On Tue, Oct 20, 2015 at 11:00 AM, Lucas Stach <l.stach at pengutronix.de> wrote:
> Am Dienstag, den 20.10.2015, 09:20 +0200 schrieb Christian Gmeiner:
>> Hi Lucas,
>>
>> 2015-10-13 10:25 GMT+02:00 Lucas Stach <l.stach at pengutronix.de>:
>> > Am Mittwoch, den 30.09.2015, 09:53 +0200 schrieb Christian Gmeiner:
>> >> Hi Lucas,
>> >>
>> >> 2015-09-28 12:39 GMT+02:00 Lucas Stach <l.stach at pengutronix.de>:
>> >> > Hi Christian,
>> >> >
>> >> > Am Montag, den 28.09.2015, 11:46 +0200 schrieb Christian Gmeiner:
>> >> >> Hi Lucas.
>> >> >>
>> >> >> I think I have run into a cache flush / cache coherency issue. I will
>> >> >> try to reproduce this issue with a small example and will
>> >> >> keep you updated.
>> >> >
>> >> > What are the symptoms of the issue you are hitting? Maybe I can
>> >> > reproduce or see if I have an idea right away.
>> >> >
>> >>
>> >> With the help of the etnaviv_2d_test in my libdrm repo on github I was able
>> >> to test different bo flags.
>> >>
>> >> ETNA_BO_UNCACHED and ETNA_BO_CACHED are working as expected.
>> >> The rendering result looks as expected. If I try ETNA_BO_WC the rendering
>> >> result looks different for every run.
>> >>
>> >> debian at cubox:~/libdrm$ tests/etnaviv/etnaviv_2d_test /dev/dri/card1
>> >> Version: 1.0.0
>> >>   Name: etnaviv
>> >>   Date: 20150910
>> >>   Description: etnaviv DRM
>> >> bo cpu prep: 0
>> >> debian at cubox:~/libdrm$ md5sum /tmp/etna.bmp
>> >> 052880d433e1bf495e268206addd4087  /tmp/etna.bmp
>> >> debian at cubox:~/libdrm$ tests/etnaviv/etnaviv_2d_test /dev/dri/card1
>> >> Version: 1.0.0
>> >>   Name: etnaviv
>> >>   Date: 20150910
>> >>   Description: etnaviv DRM
>> >> bo cpu prep: 0
>> >> debian at cubox:~/libdrm$ md5sum /tmp/etna.bmp
>> >> f1a02a52d81c0b79b098877e6b7d9303  /tmp/etna.bmp
>> >> debian at cubox:~/libdrm$ tests/etnaviv/etnaviv_2d_test /dev/dri/card1
>> >> Version: 1.0.0
>> >>   Name: etnaviv
>> >>   Date: 20150910
>> >>   Description: etnaviv DRM
>> >> bo cpu prep: 0
>> >> debian at cubox:~/libdrm$ md5sum /tmp/etna.bmp
>> >> de5a428eb1f6567849ef40a944a995b8  /tmp/etna.bmp
>> >>
>> >> etna_cmd_stream_finish() waits until the submitted command stream was
>> >> processed by the GPU. I tried to use etna_bo_cpu_prep(..) but I that did not
>> >> help.
>> >>
>> >> I am doing something wrong? Should this work in theory?
>> >>
>> > For the record: this is caused by the "shared attribute override enable"

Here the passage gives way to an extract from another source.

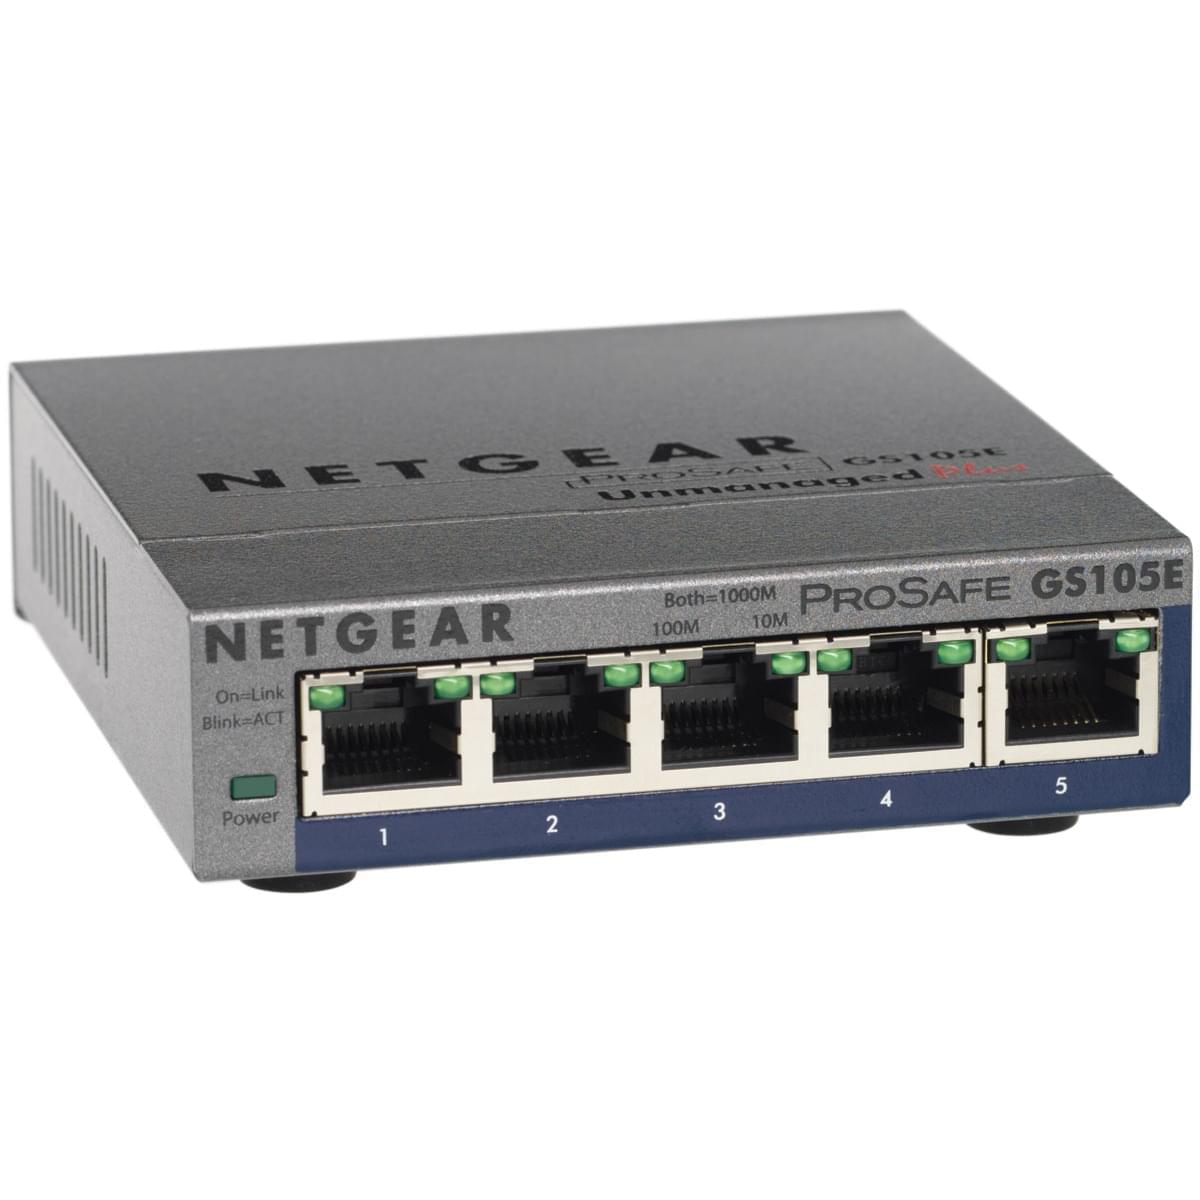 Switch Netgear 5 ports 10/100/1000 GS105E v2#

>> > bit in the AUX_CTRL register of the PL310 cache controller not being
>> > set, which makes it non-compliant with the ARMv7 ARM specified behavior
>> > of conflicting memory aliases.
>> > The etnaviv kernel driver makes sure to clean the cachable alias before
>> > handing out the pages, but without this bit set the L2 controller will
>> > turn the userspace bufferable reads into "cachable, no allocate" which
>> > will lead to userspace hitting stale, non-evicted cache lines.
>> >
>> > This can be worked around by adding a "arm,shared-override" property to
>> > the L2 cache DT node. This will only work if the kernel is booted in
>> > secure state and will fault on a NS kernel. So this should be considered
>> > a hack and the bootloader/firmware should make sure to set this bit.
>> >
>>
>> Is the kernel able to detect this faulty environment? It would be great
>> if we can warn the user about this issue and 'convert' all ETNA_BO_WC
>> request to ETNA_BO_CACHED or ETNA_BO_UNCACHED.
>>
>> Else there might be some bug reports in the future where something is
>> broken due to a bad environment and these kind of bugs are hard to
>> sort out.
>>
> I don't think we should work around a platform issue in individual
> drivers. I mean etnaviv makes the issue really visible, but not having
> this bit set in the PL310 controller makes the whole platform
> non-conforming to what is specified in the ARMv7 ARM, so the platform
> may exhibit all kinds of subtle breakages anyway.
>
> We may check for this bit in the PL310 initialization and warn the user
> that a firmware update might be needed to fix this. This should be
> enough to sort out bug reports caused by this specific issue.
>

I agree, although we can also point them to the device-tree option to
workaround the problem temporarily.

Christian, fyi I have fixed this in u-boot for all the SolidRun platforms.